Development of an Inverted Optical Tweezers with Full Motional Control

Hamsa Sridhar, Kings Park High School, Kings Park, NY; Harold Metcalf and John Noe, Laser Teaching Center, Department of Physics and Astronomy, Stony Brook University


The purpose of this project was to construct a working inverted optical tweezers setup, to optimize the trap strength by maximizing the gradient force exerted on the particles, and to gauge the trapping efficiency by calculating the drag force exerted in all three dimensions when trapping and manipulating yeast cells in a fluid medium.

A 23mW red He-Ne laser was used. Plane mirrors reflected and steered the beam while spherical plano-convex lenses resized it. A 50x objective (NA = 0.85) focused the beam onto the stage of a Nikon inverted microscope, creating an optical trap for the cells, enclosed in a 100 micron-deep sample chamber. White illumination light passed through the chamber into a CCD camera, which was connected to a monitor for imaging.

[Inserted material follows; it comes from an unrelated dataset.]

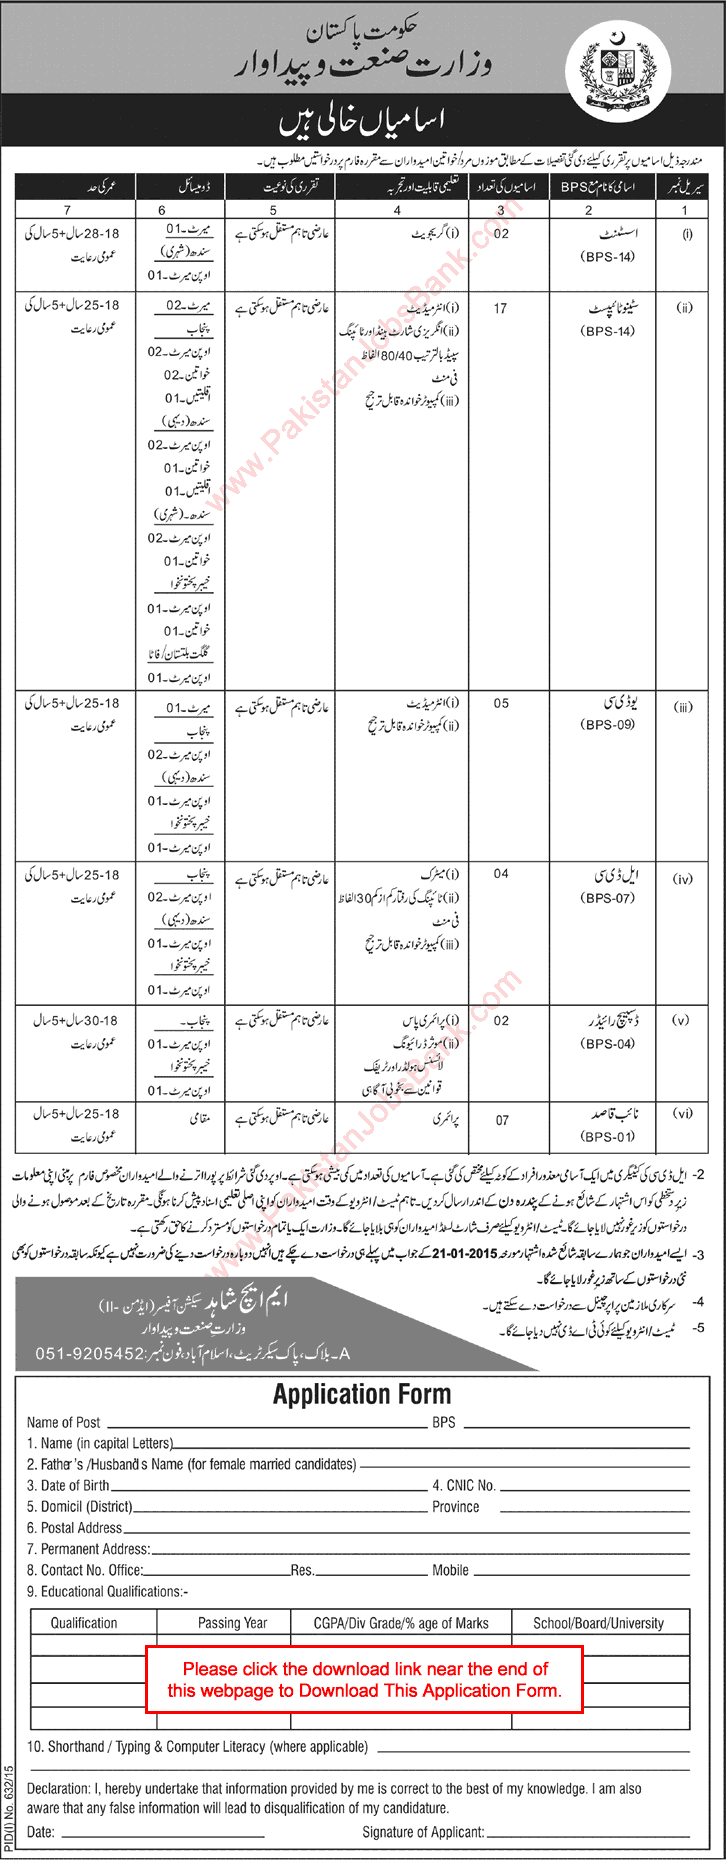 Ministry of Industries and Production Islamabad Jobs 2015 August Application Form Download Latest

To achieve optimal trapping, the gradient force was maximized by optimizing the intensity of the rays that entered the objective at the steepest possible angles. The laser beam's intensity profile was measured, the width of the appropriate central component of the beam to enter the aperture of the objective was determined, and the beam was resized accordingly. Intensity losses were minimized through careful alignment procedures.

Yeast cells were successfully tweezed three- dimensionally. To measure the trap efficiency, the drag velocity in the xy-plane and the z-axis were calculated. To account for aberrations caused by refraction, an equation was created to model the distance the focus travels versus the distance the beam is steered for various angles of incidence. The drag force exerted was calculated.